The downturn in Germany’s critical manufacturing sector has deepened dramatically in September, dragging its wider economic activity to the lowest level since the depths of the eurozone crisis, according to a key survey of business executives.
The purchasing managers’ index for manufacturing fell to 41.4 in September, from 43.5 the previous month, slumping to its lowest level since mid-2009. The figures, produced by data firm IHS Markit, offer a closely watched snapshot into private sector activity.
The euro fell 0.4 per cent against the dollar following the release of the data, which cast fresh doubt over the health of the German economy that has been buffeted by slowing global growth and simmering trade tensions and is on the brink of a recession.
“The manufacturing numbers are simply awful. All the uncertainty around trade wars, the outlook for the car industry and Brexit are paralysing order books,” said IHS Markit’s principal economist Phil Smith.
The figures released on Monday morning also showed the economic malaise has bled into the services sector, where growth lost momentum and the PMI reading fell to a nine-month low of 52.5.
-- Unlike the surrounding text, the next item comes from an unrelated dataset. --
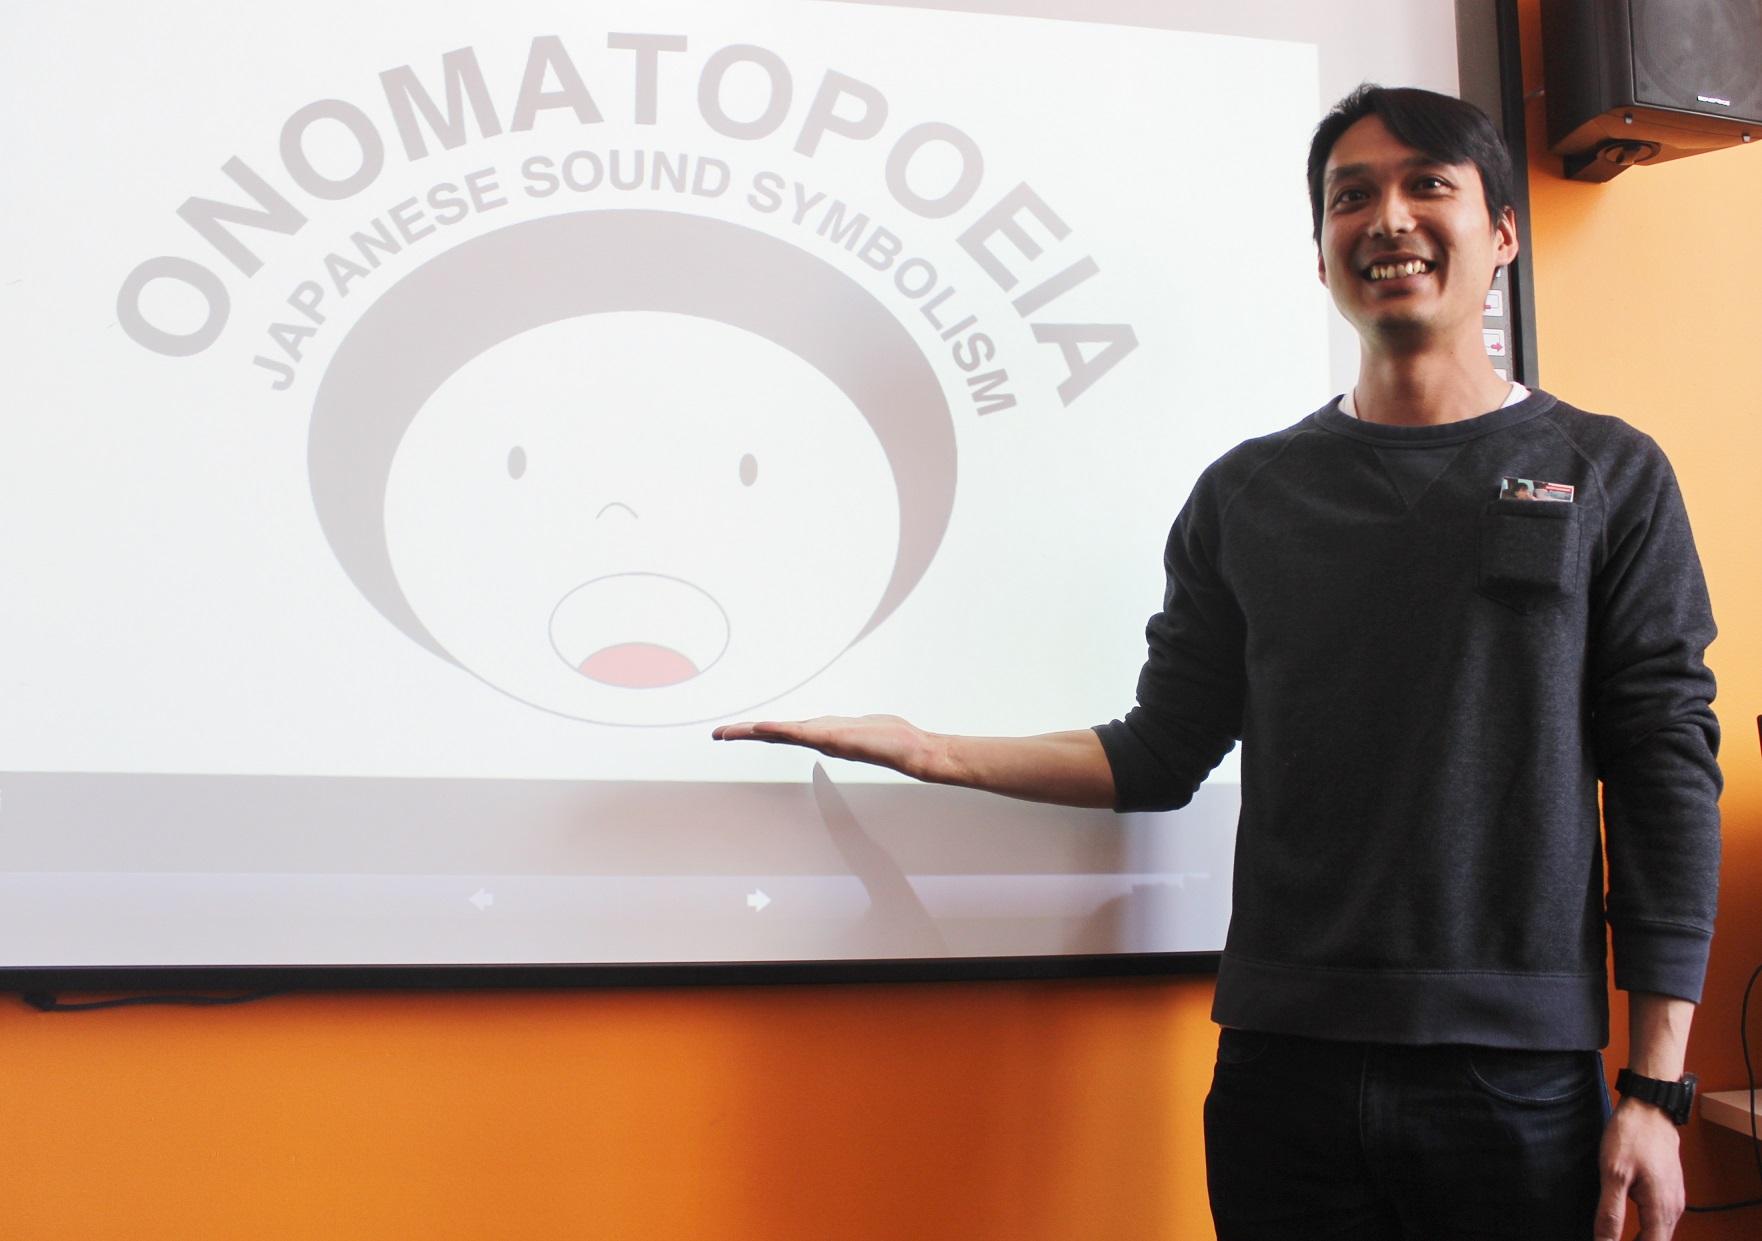 Yosuke Matoba From Japan Presents: Onomatopoeia, Japanese

The overall composite PMI fell to 49.1 from 51.7, indicating economic contraction as it fell below the 50 mark which separates expansion from contraction. September marks the lowest reading since October 2012 and the first reading below the 50 threshold since April 2013, while the rate of decline was the steepest in almost seven years.
On its current trajectory, the German economy might not see any growth before the end of 2019, Mr Smith added.
IHS’s data for the wider eurozone showed the bloc’s economy is close to stalling, as a slower service sector expansion adds to the long-running manufacturing woes.
The manufacturing PMI for the eurozone came in at 45.6, worse than economists polled by Reuters had expected, leaving the composite PMI at a 75-month low of 50.4.
“The eurozone economy is close to stalling as a deepening manufacturing downturn shows further signs of spreading to the services sector,” said Chris Williamson, chief business economist at IHS.
Jack Allen-Reynolds, senior Europe economist at Capital Economics, added: “with the eurozone’s manufacturing sector in the doldrums and services activity starting to lose pace, there is little reason to think that GDP growth will pick up as the European Central Bank and the consensus forecasts assume.”
French private sector economic activity grew more slowly than forecast in September, as its manufacturing sector was hit by a fall in export business.
The manufacturing PMI fell to 50.3, while services was at a four-month low of 51.6.
France’s manufacturing sector has been a comparative bright spot in Europe but has still been stuttering just above the 50 line that separates expansion from contraction. But as exports only account for around 30 per cent of the French economy, the country has held up better than Germany.